Он потянулся к стальной петле ревуна, потянул её. Над рекой повис тревожный, вышибающий мурашки гудок. Мониторы поддержали миноноску своим рёвом.
Неожиданно с берега ударил пулемёт, он бил с пристрелянной позиции, кажется, каждый сантиметр тёмной водной глади заранее прощупан очередями; очередь хлестнула по бронированному боку миноноски, вышибла искры и ушла в сторону. Река покрылась рябью.
— Этого нам ещё не хватало. — Лебедев недовольно щёлкнул кнопками своих роскошных перчаток. — Носовое орудие, дайте три беглых по этим дуракам!
— У нас поворотный круг маленький. Не дотянемся.
— А мы развернёмся.
Миноноска затормозила ход, из-под кормы у неё вырвался высокий белый бурун, рулевой подвернул нос корабля к берегу, и в то же мгновение ахнуло носовое орудие.
Снаряд, оставляя в воздухе белый, быстро растворяющийся след, ушёл к берегу, всадился в землю метрах в тридцати от пулемёта и поднял в воздух несколько выдранных с корнем берёзок.
— Перелёт! — констатировал лейтенант. — Поправить прицел!
— Есть поправить прицел, — эхом донеслось с носовой палубы.
Снова рявкнула пушка. Снаряд со знакомым шипением разрезал плотный, наполненный медовыми запахами летний воздух; будто лопатой шваркнув, срыл небольшой бугор, поросший густой зелёной травой, в воздух полетели тяжёлые чёрные комья земли, толстые, спутавшиеся друг с другом коренья деревьев и кустов. Пулемёт вновь достал до миноноски, полоснул по орудию, по щитку, выбил густое сеево искр, от резкого грохота люди, стоявшие в рубке, невольно зажмурились, корабль, приподнявшийся было на волне, соскользнул с неё, и пули ушли в воздух.
— Орудие — огонь! — прокричал в жестяный рупор Лебедев.
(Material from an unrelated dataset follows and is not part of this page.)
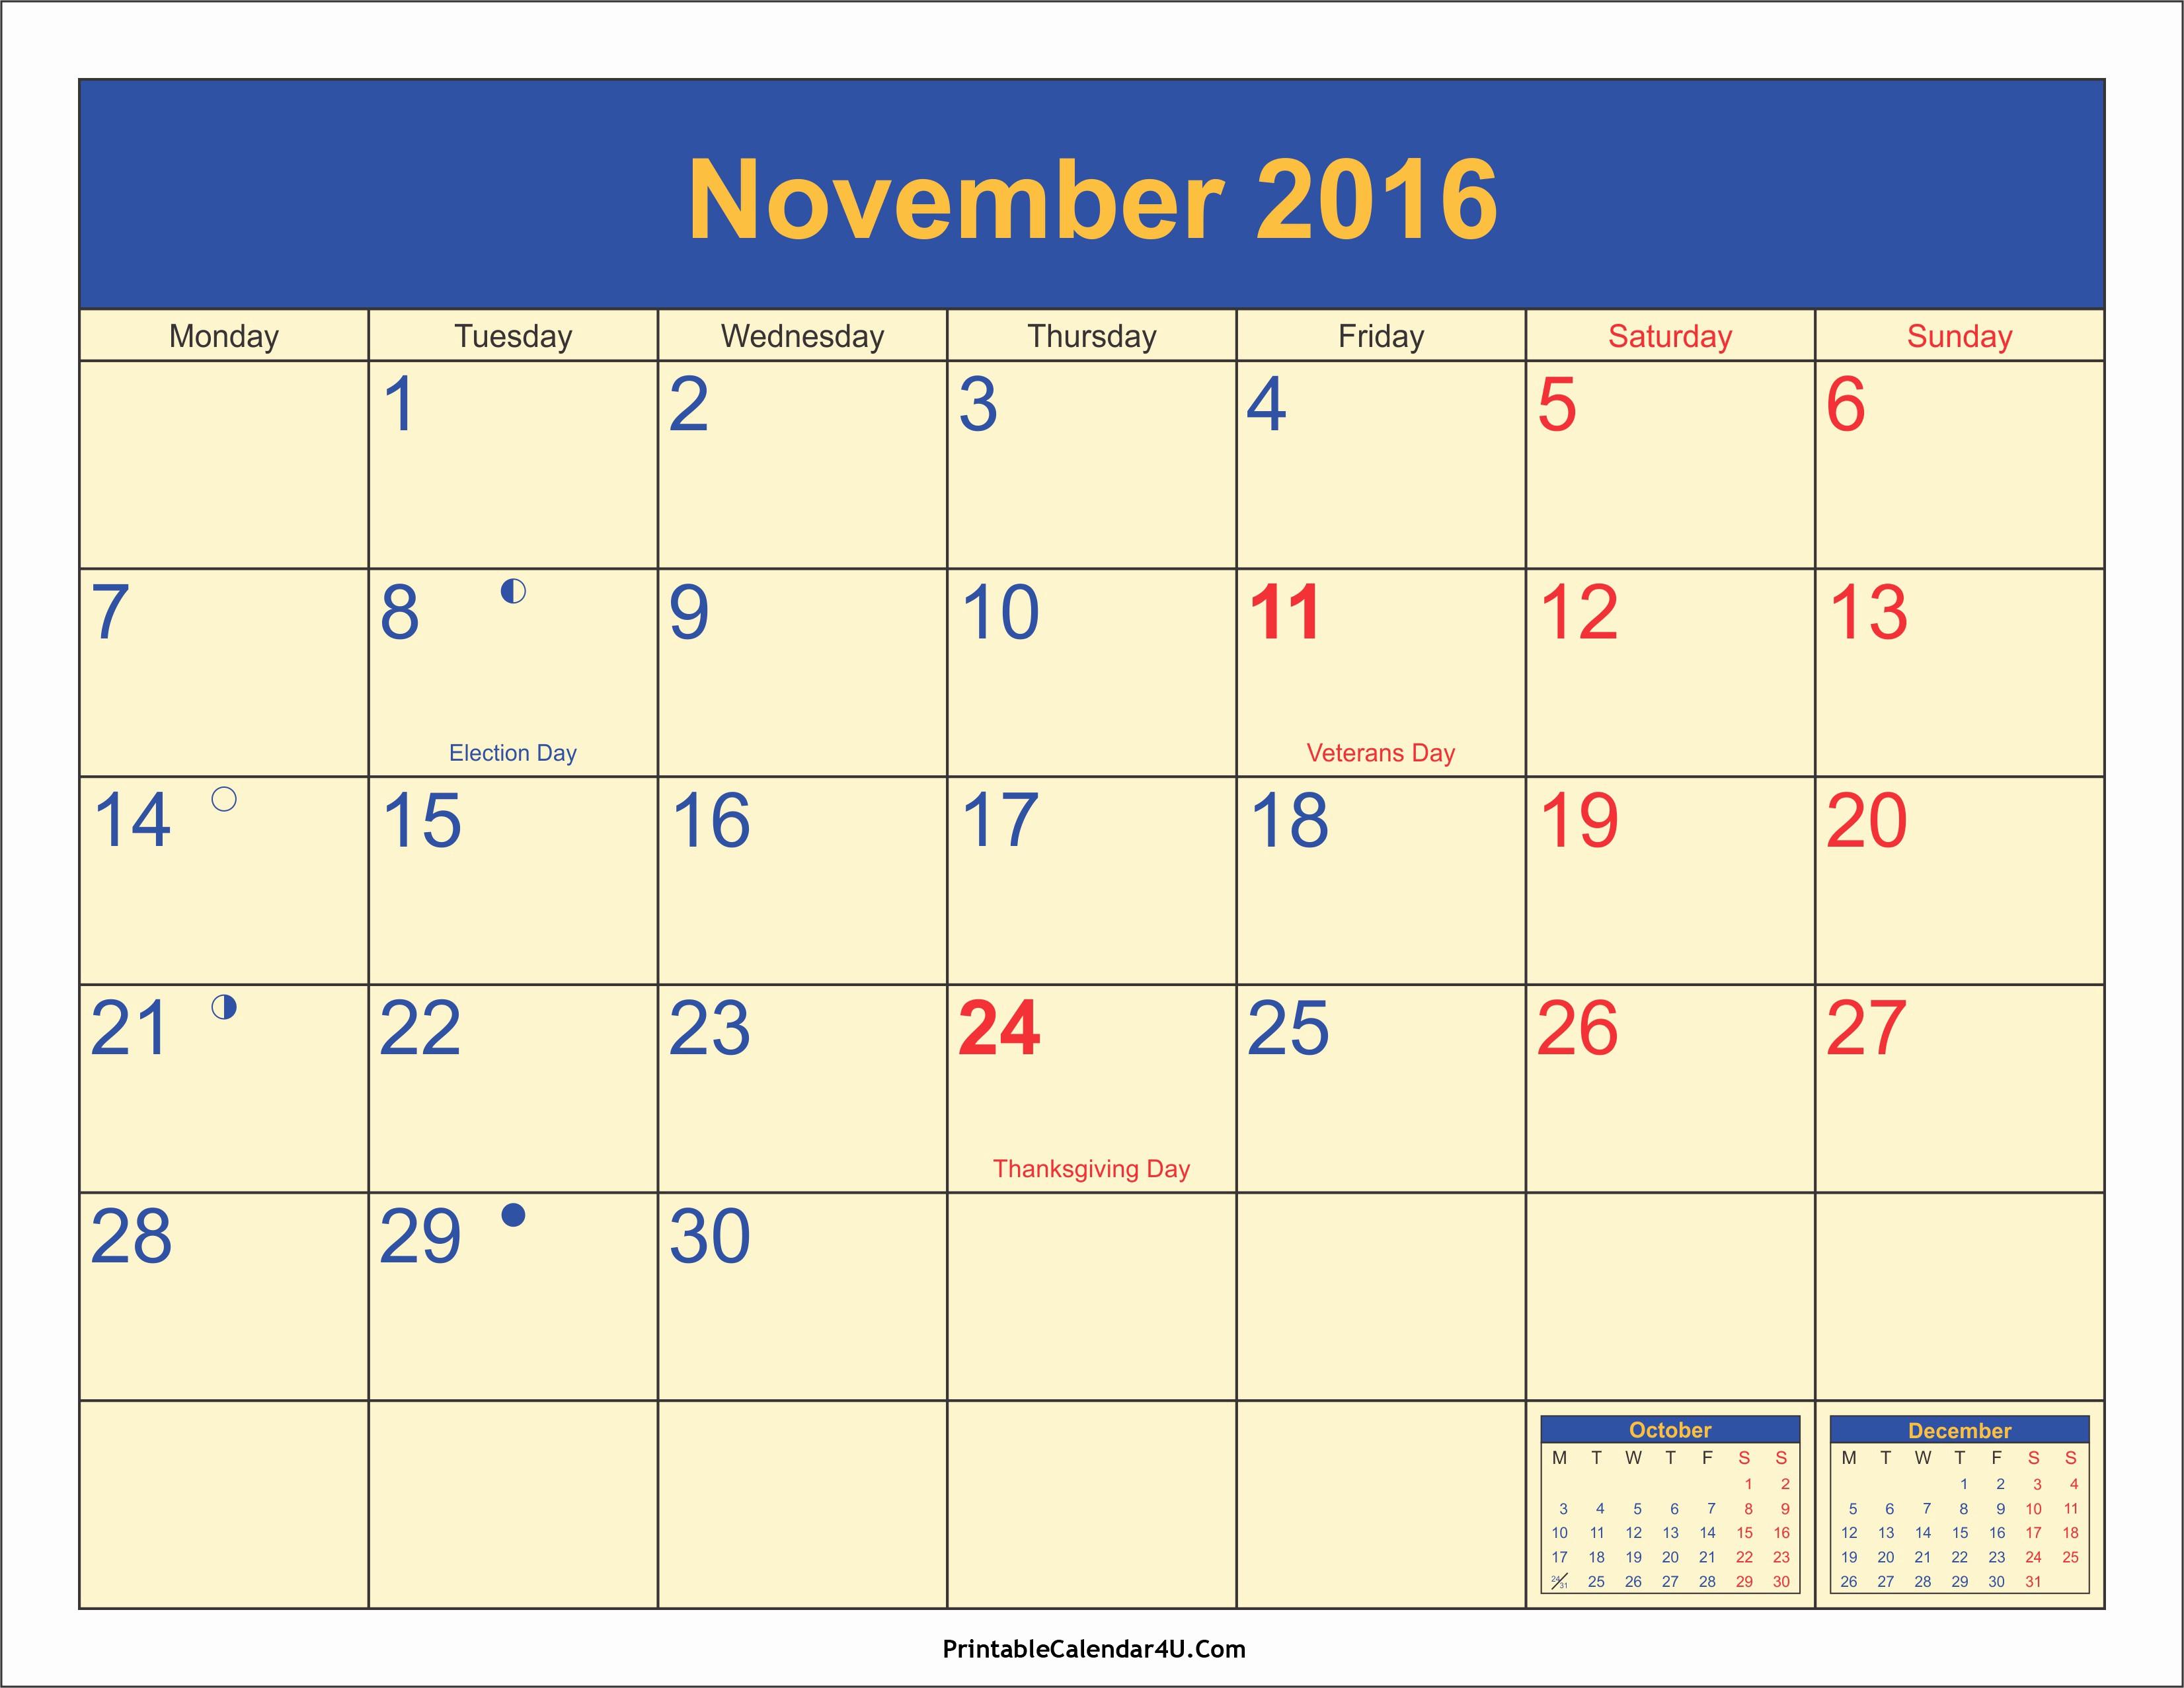 Calendar 2016 Printable with Holidays Inspirational November 2016 Calendar Printable with Holidays Pdf and Jpg

Пушка рявкнула в третий раз. Сейчас пушкари сработали точно, снаряд лёг в пулемётное гнездо. В воздух взлетел искорёженный, с раскоряченными колёсами «максим», рядом взметнулось несколько скомканных бесформенных тряпок — всё, что осталось от расчёта — двух угрюмых поморов, несколько дней назад оставленных здесь в засаде красным партизанским командиром.
— Молодцы, канониры! — похвалил артиллеристов Лебедев, щёлкнул перчаточными кнопками, будто ударил дуплетом по невидимой цели.
Монитор, шедший последним, начал подворачивать к берегу, плицы[13] огромного гребного колеса с шумом всаживались в воду, отпихивали её от себя, пароход разворачивался медленно, неохотно. Лебедев прижал к губам раструб рупора. Поскольку на мониторе не было сигнальщика, общаться с мониторов приходилось с помощью рупора.
— Второй монитор, вы куда?
Через полминуты послышался жестяный, переданный в такой же рупор ответ:
— Необходимо проверить берег и навести на нём порядок.
— Чьё это приказание?
— Командира десанта капитана Слепцова.
— Даю на проверку тридцать минут, — недовольно прокричал в рупор Лебедев, — больше дать не могу. — Отложил рупор в сторону и выглянул из рубки. — Канониры! Носовая пушка!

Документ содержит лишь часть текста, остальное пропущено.